Oldest of the "new" technologies, low-e glass uses an ultra-thin metal oxide coating to maximize performance. Although the coating itself is not visible, it limits solar heat gain while transmitting light. Depending on a facility's location, facility managers can choose low-e glass that admits more solar heat gain (in heating-dominated climates or for passive-solar use) or limits solar gain (for cooling-dominated climates). According to DOE, low-e windows generally cost 10 to 15 percent more than regular windows but can reduce energy loss by as much as 30 to 50 percent.
"Low-e technology provides a good and reliable means for improving insulating glass performance," says Michael Louis, a senior principal at the engineering firm Simpson Gumpertz & Heger.
A newer option is known as dynamic glazing. What it does is simple but dramatic: It changes color to control the amount of sunlight that enters a space.
In the most common type of dynamic glazing — electrochromic glazing — the presence or absence of electric current in the coating renders the window opacified or clear.
Electrochromic coatings are a nanometer-thick, multi-layer film, says Stephen Selkowitz, department head, building technologies, environmental energies technology division at Lawrence Berkeley National Laboratories. "Transparent conductors form the outer layers of the stack, an active electrochromic and passive counter-electrode layer form the middle layers, and an ion-conducting electrolyte layer forms the center portion of the stack," he says. The glazings can be manually or automatically controlled. The technology does have a small delay in most uses, from several seconds to several minutes.
Electrochromic technology relies on a network of wiring and controls that runs into and out of the glazing pockets of window (or curtain wall) assemblies. The installed system has to accommodate that network while maintaining weather-tightness for exterior applications.
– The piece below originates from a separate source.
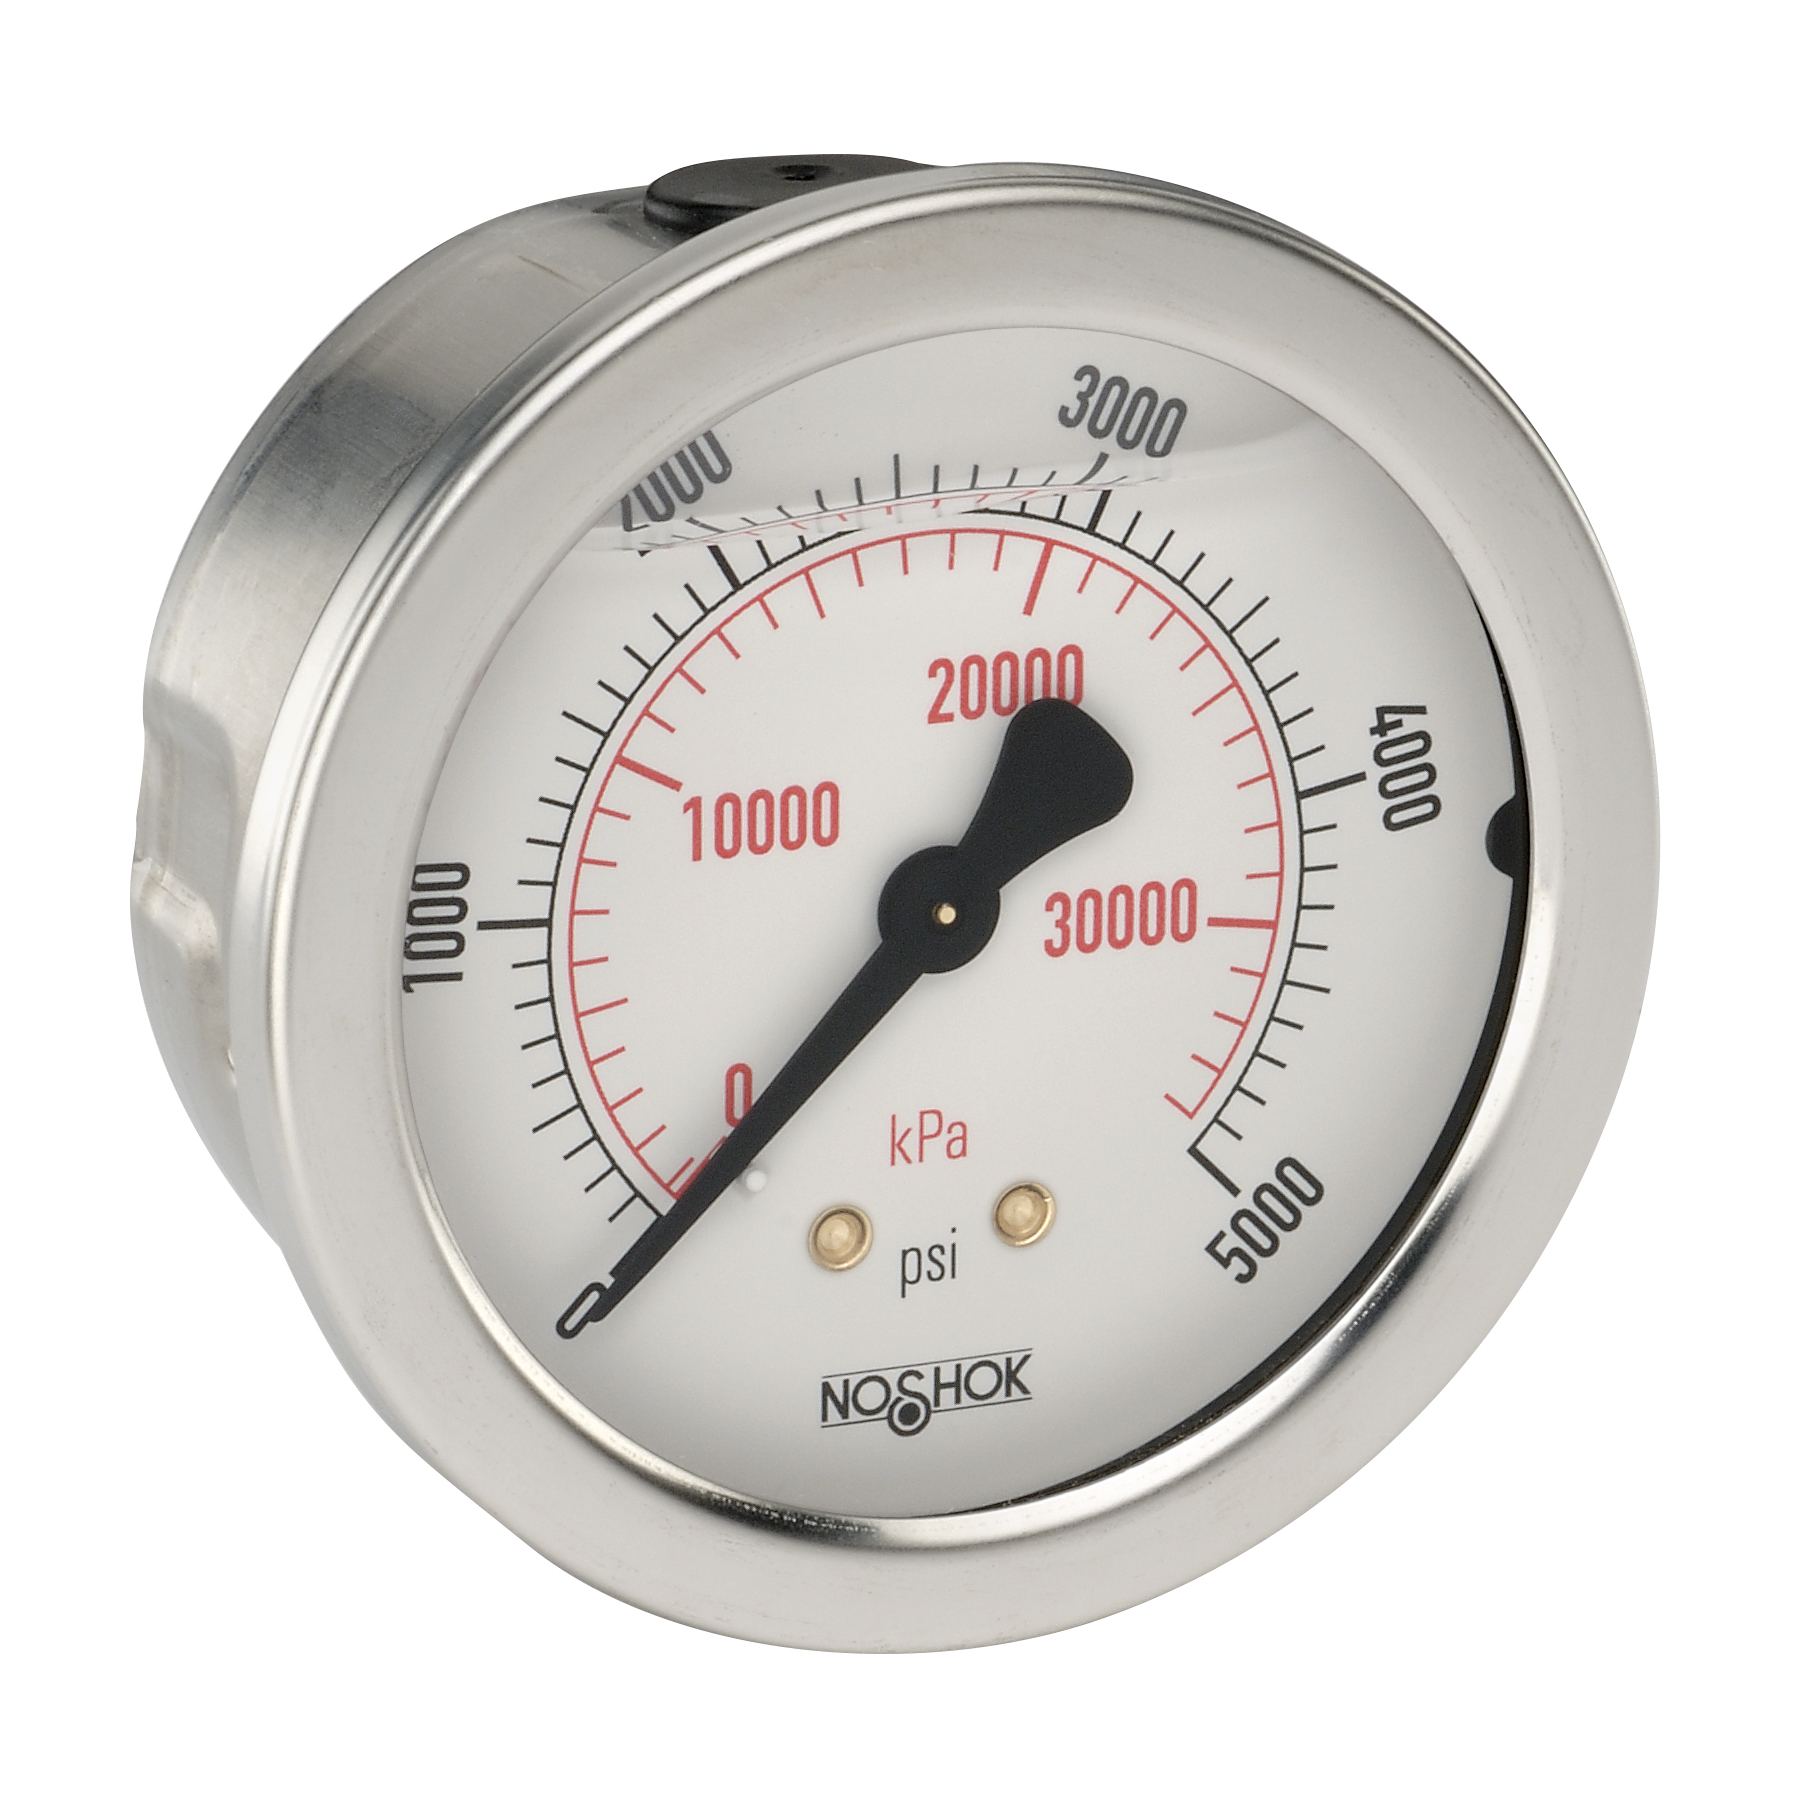 25-911-3000-psi/kPa-SG-SSFF 900 Series ABS and Stainless Steel Liquid Filled Pressure Gauges
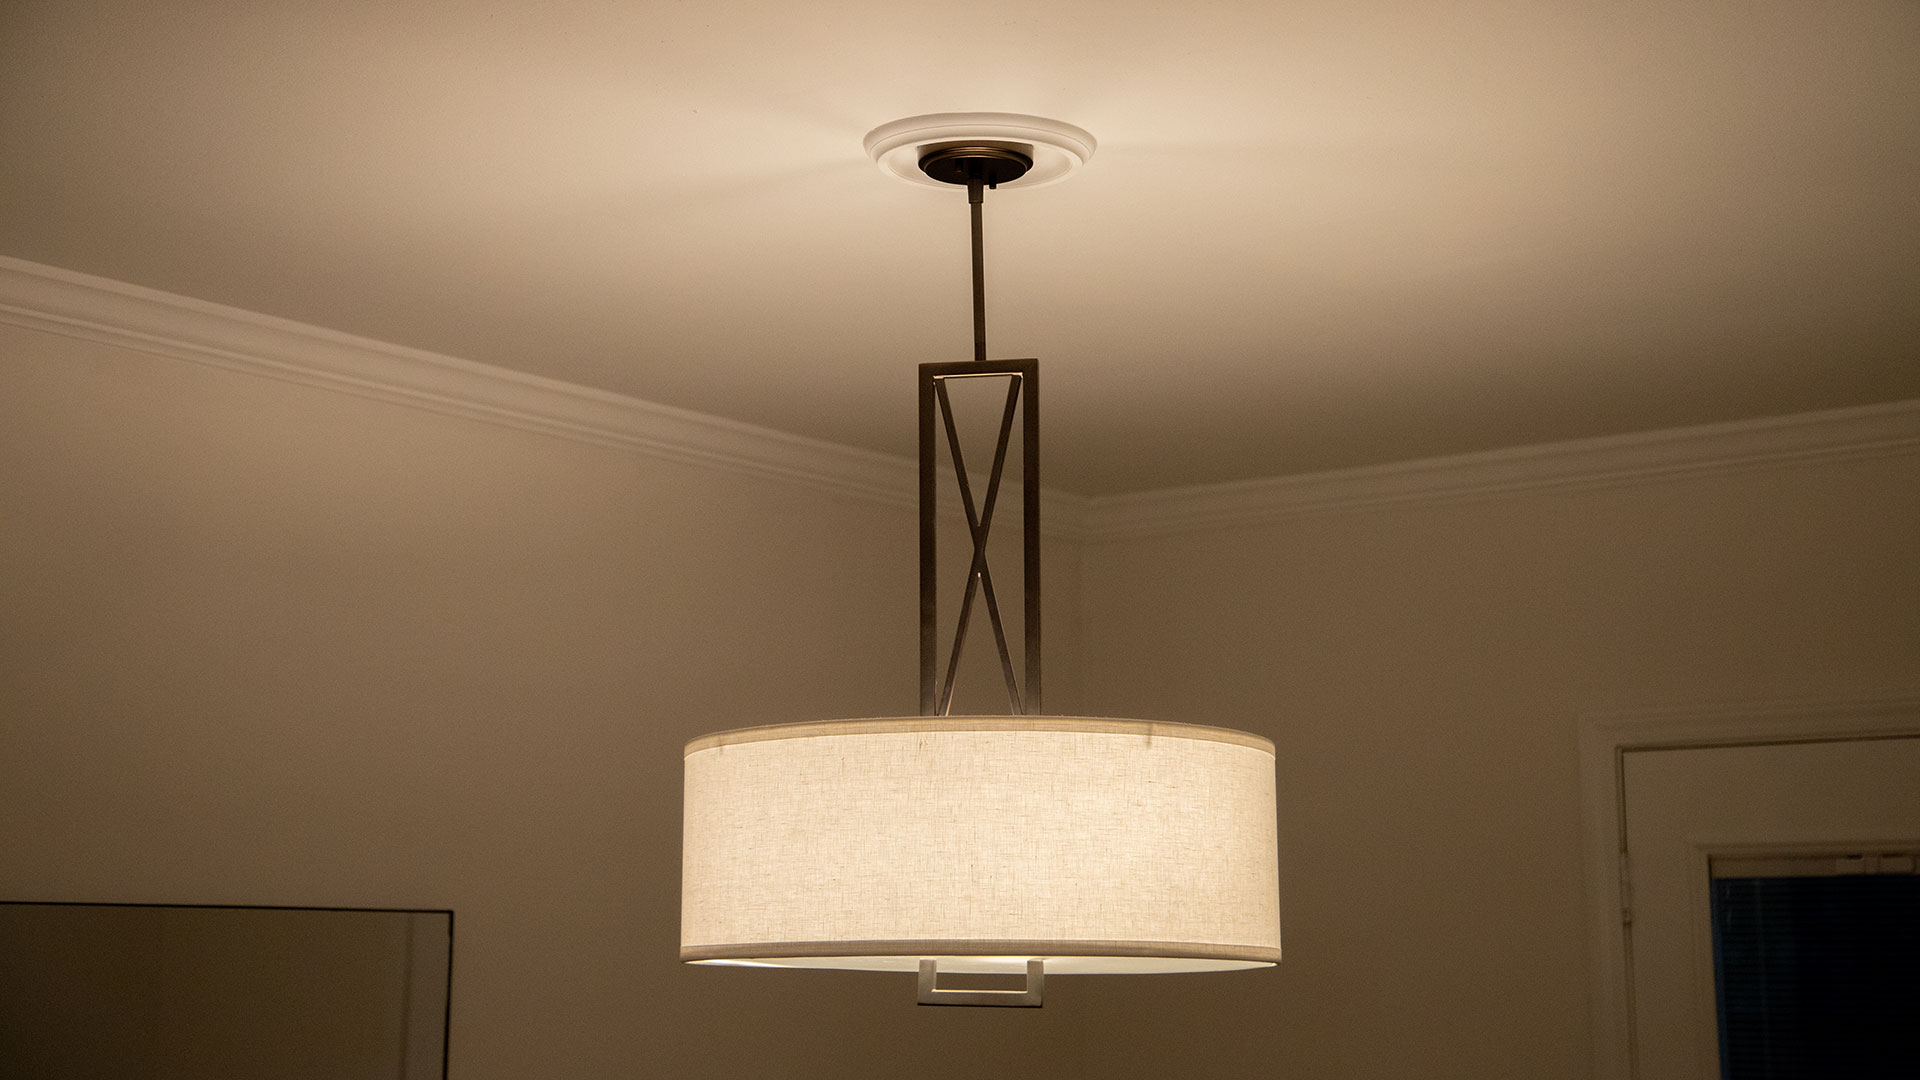 How To Install A Ceiling Medallion, How To Install Ceiling Light Medallion

The network also has to be maintained once the building is in operation.
"[Electrochromic glazings] are new to the market and finding niche applications," says Ray McGowan, senior manager at the National Fenestration Rating Council. "This technology may realize market gains in the near future." Currently, many applications are for interior spaces.
One reason McGowan says he believes in the promise of dynamic glazing is because of its potential for solar heat control. "Dynamic glazing enables precise solar heat gain coefficient control to limit heat gain during high cooling periods and increase heat gain during heating periods," he says.
Another dynamic glazing option — thermochromic — relies not on electricity to determine opacity or translucence, but on solar radiation. This technology uses a tinted thermochromic layer that warms up and darkens in direct sunlight.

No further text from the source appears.